ResidentPositive4122@reddit
langchain/graph/whatever is based on "it works on my machine but only if you use oai gpts" prompts hidden under 5 levels of abstraction. No wonder they don't work ootb with other models.
mwmercury@reddit
This is the answer. Langchain is a poison to the LLM community.
No-Detective-5352@reddit
Take a look at the Berkeley Function Calling Leaderboard: https://gorilla.cs.berkeley.edu/leaderboard.html There are some great smaller models with permissive licenses (e.g., Qwen2.5-7B).
The key metrics to consider are Abstract Syntax Tree evaluation, hallucination relevance (at least one of the function choices provided are relevant to the user query and should be invoked) and irrelevance (none of the function choices provided are relevant to the user query and none should be invoked).
AdditionalWeb107@reddit
https://huggingface.co/katanemo/Arch-Function-3B - while not published on the leader board is the best price/performance model for this use case.
No-Detective-5352@reddit
Thanks! That looks very promising, I will check it out.
Huanghe_undefined@reddit
this is not accurate at all. Their ground truth is halluciated to some extent and I do not think they are using the correct fc template for every model. Llama3 8B gives 95+% in my evaluation with their data(excluding the multi-turn part)
cyan2k@reddit
Feel free to share your data/templates/inference code. Would also love to compare. Also you can surely create a pull request because improvements in methodology are always appreciated!
Key_Extension_6003@reddit
Great link
gentlecucumber@reddit
Are you using an inference framework and tool template that supports llama tool calling, or just trying to prompt engineer it into doing tool calling like it's 2023?
OKArchon@reddit
What framework can you recommend for someone who's still in 2023?
gentlecucumber@reddit
I use vLLM as my backend for running models - both for work, and on my personal Windows machine with WSL. vLLM serves an OpenAI compatible endpoint, so you can use any python client that you would with GPT 4. Enabling tool calling is a simple parameter you set when launching the vLLM server. You'll also need a llama or Mistral tool calling Jinja template, both of which can be found in the vLLM GitHub repo and then you download those and pass the path as another input parameter in the vLLM serve command. Then BAM, all done. You can use your local model to do tool calling for any app or project that worked with OpenAI. I use Mistral Nemo 12b at FP8 for fast and simple agentic stuff in langgraph, and Mistral Small 22b at full precision if the tools are complicated or have a lot of nuance.
novel_market_21@reddit
You give your full command?? It would be very appreciated
gentlecucumber@reddit
Here's the command I run at home for mistral nemo 12b. It's looking at a local copy in my 'models' folder, running at FP8 precision and quantized kv-cache, running on both of my 3090 GPUs, enabling tool use with a jinja template, spoofing the 'gpt-4o-mini' model name to make some langgraph stuff a little simpler:
vllm serve models/Mistral-Nemo-Instruct-2407-FP8 --chat-template \~/chat-templates/tool_chat_template_mistral.jinja --max-model-len 10000 --gpu-memory-utilization 0.99 --kv-cache-dtype fp8_e4m3 --port 5111 --tensor-parallel-size 2 --enforce-eager --served-model-name localmodel gpt-4o-mini --enable-auto-tool-choice --tool-call-parser mistral --api-key foo
Use with the regular OpenAI client SDK and just set base URL to localhost.
fireKido@reddit (OP)
I’m using langgraph “OllamaChat” interface, but I’ll test with vLLM as you describe
Slimxshadyx@reddit
I used Ollama and connected it to Llama 3.1 8b in Python and tool calling worked well.

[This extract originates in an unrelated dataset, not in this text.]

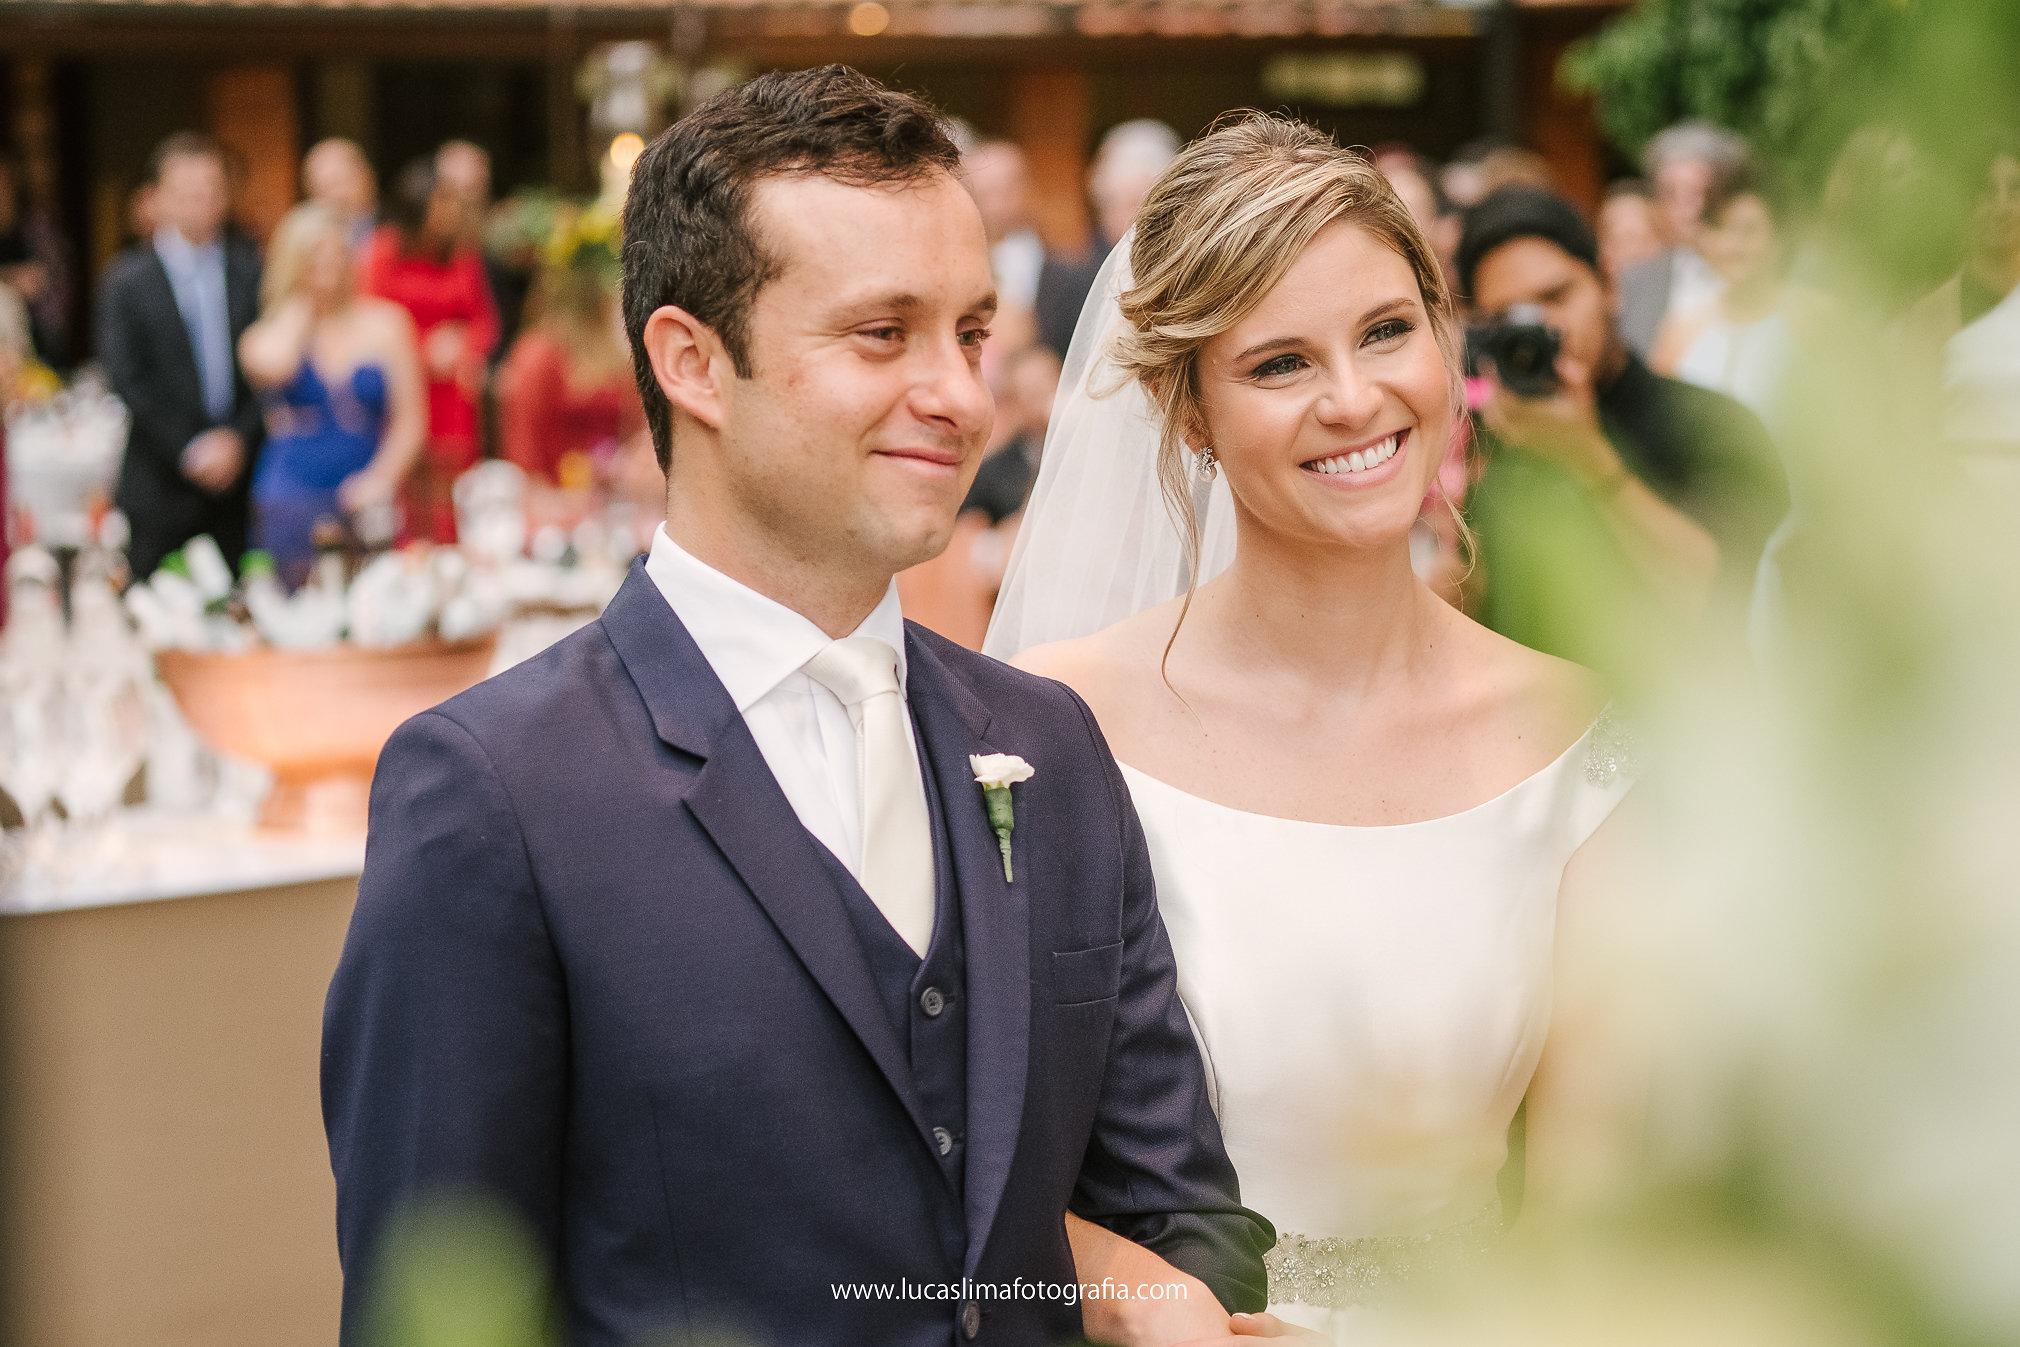 casamento-flavia-e-thomas-lucaslimafotografia-110

With that smaller model it would tend to call tools a lot more than it should have, but the calls were right
fireKido@reddit (OP)
What did you use? I’m using langgraph’s interface, maybe that’s the problem
It just can’t get the tool parameter right.. also, it doesn’t seem to be capable of running without calling a tool, which is annoying
drunnells@reddit
Ha, I like the way you phrased that! I've had luck with my simple stuff and JSON examples in the prompt with 3.1 70b and the "like it's 2023" method using calls to llama.cpp llama-server. The post 2023 method sounds advanced, proprietary and scary to me.
glow_storm@reddit
Try llama3-groq-tool-use on Ollama best model I tried with Ollama and Langgraph for tool use.
fireKido@reddit (OP)
Nice tip, I’ll try it out
ithkuil@reddit
Did you use temperature 0?
fireKido@reddit (OP)
Yes I did… still no luck
gittb@reddit
Hello, try tabbyAPI and use the tool calling template included by the default in the repo.
I wrote the tools integration for it, and it will enforce json schema to require correct parsing of tool calls. Works quite well.
____vladrad@reddit
I use 70 awq 4 bit quant. I ran into these problems during my testing even with gpt4o at longer contexts. In the OpenAI docs they mention it’s not 100% accurate and to use structured extraction.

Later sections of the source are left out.